The Elohim ("god" in Hebrew) are immortal beings of pure Earthpower, also referred to as the silvan fey folk of the Land in spite of their bearing no resemblance whatsoever to traditional forest elves.
The fluid essences of the Elohim allow them to shapeshift into any form conceivable. Judging by their psychedelic choices, they have some eternal magic mushroom juice flowing through their substance as well. When communing with stable Earth beings, they prefer a human shape of ethereal beauty wearing a selection of questionable outfits. The original cover of The One Tree informs the reader that these consist of garish, ragged muumuus the atrocity of which makes even the whimsical wights blush.
If one word were used to sum up the Elohim, it'd be "haughty". Or "egocentric". Or possibly "disdainful". Or maybe "superelegant". Or even "übercool". The fact remains that these eldritch beings are so far up themselves that they generally consider all worldly matters far too mundane and grubby for them to get their perfectly manicured hands on. Very occasionally, if there is a situation that might cause the cosmos to fall to rack and ruin, the Elohim will finally deign to get involved, pretty much because they abhor the concept of messiness and let's face it, any Ragnarøkkr-like world-ending catastrophe is liable to cramp their style.
In these extremely rare latter cases, the Elohim will get together and decide upon one of their number to become Appointed. This should not be seen as any type of honour; quite the reverse in fact, since the named Elohim has to go out into the oh so unstylish world and serve for all eternity as a bulwark against whatever the impending crisis is. Although it is never spoken about, the selection of an Appointed is fixed, rather than random - the status is reserved for whichever one of the Elohim is considered "least cool" by the others. This undoubtedly explains why the Elohim spend every moment of their immortal existences desperately trying to out-vogue each other.
The Elohim's traditional home is called Elemesnedene and is situated on a remote island far offshore. Needless to say, the entire place is architect-designed and simply reeks of chic. Interestingly, the time in Elemesnedene never changes - it's always 6:00pm on a summer's evening and thus the middle of cocktail hour.
The structure of their actual language lurks in deep, impassable caves, but it is known to resemble the tinkling of silver bells, for which the author provides a specific, informative term: tintinnabulation. In Ancient Rome, a tintinnabulum was a wind chime often wrought in the shape of a phallic figure. Can this this etymology be taken as enlightening the reader as to the contents of this secret speech?

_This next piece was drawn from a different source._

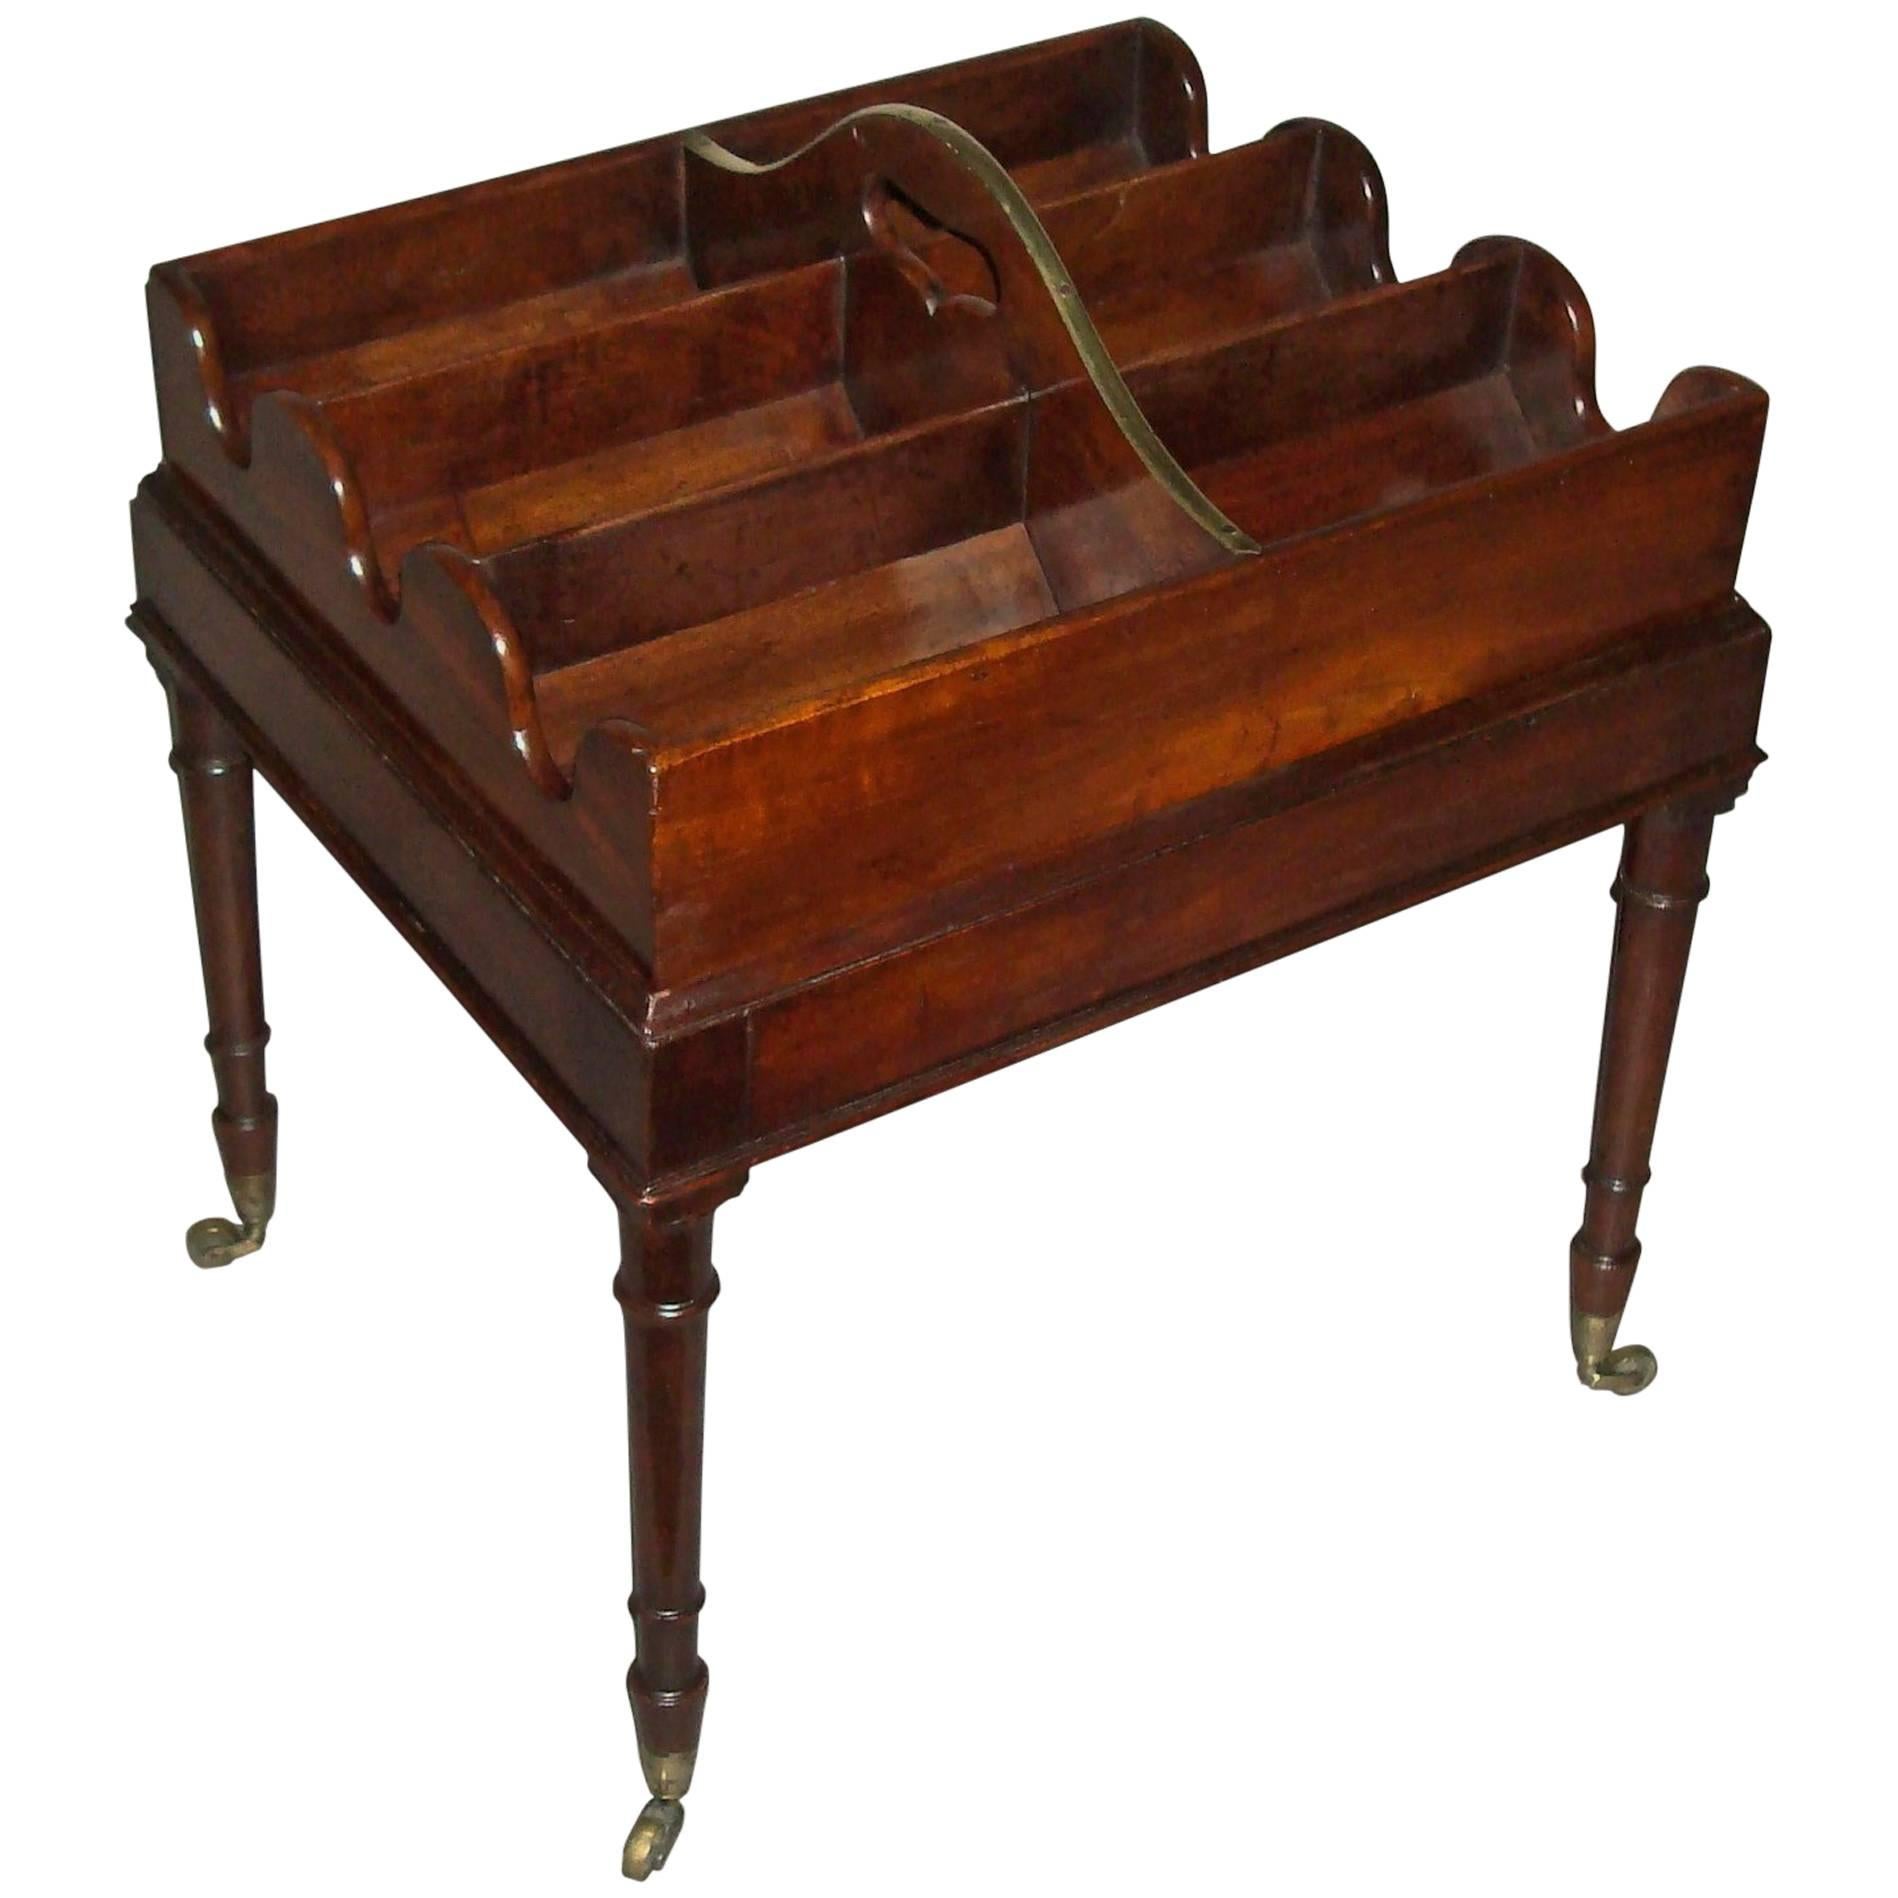 Unusual George III Mahogany Bottle Carrier on Stand

The powers of the Elohim are almost without limit, courtesy of their being entities of pure Earthpower. Among their near-on countless abilities are listed shapeshifting, invisibility and teleportation, to name but three. They also have the gift of being able to understand and communicate in the language of any creature of the earth, a talent that they can bestow upon others if they so choose - but beware! Be very careful whenever bargaining with these ultimately tricksy and confusing faery folk.
However, the Elohim are most noted for their supreme past-mastery at all sorceries involving bamboozling the minds of less magically-able beings, and especially humans. They are rightly feared for such expertise at creating completely credible illusion - or casting glamour, to use the correct archaic term - that is utterly indistinguishable from reality to the perceptions of their unfortunate target. Think stage hypnotism, but dialed all the way up to eleven.
A prime example of this occurs in The One Tree, where, wary of Thomas Covenant's dire and rage-filled propensity to lose control of his wild magic and thus bring the Arch of Time crashing down, the Elohim, led by Infelice their queen, cast their most powerful glamour upon Covenant, mentally locking him in an entirely unresponsive (and thus safe) state. They do this by sorcerously and totally convincing Covenant that he is not in fact the wielder of white gold, but that he is instead a laughably bad 90s rap star wearing ludicrously baggy trousers.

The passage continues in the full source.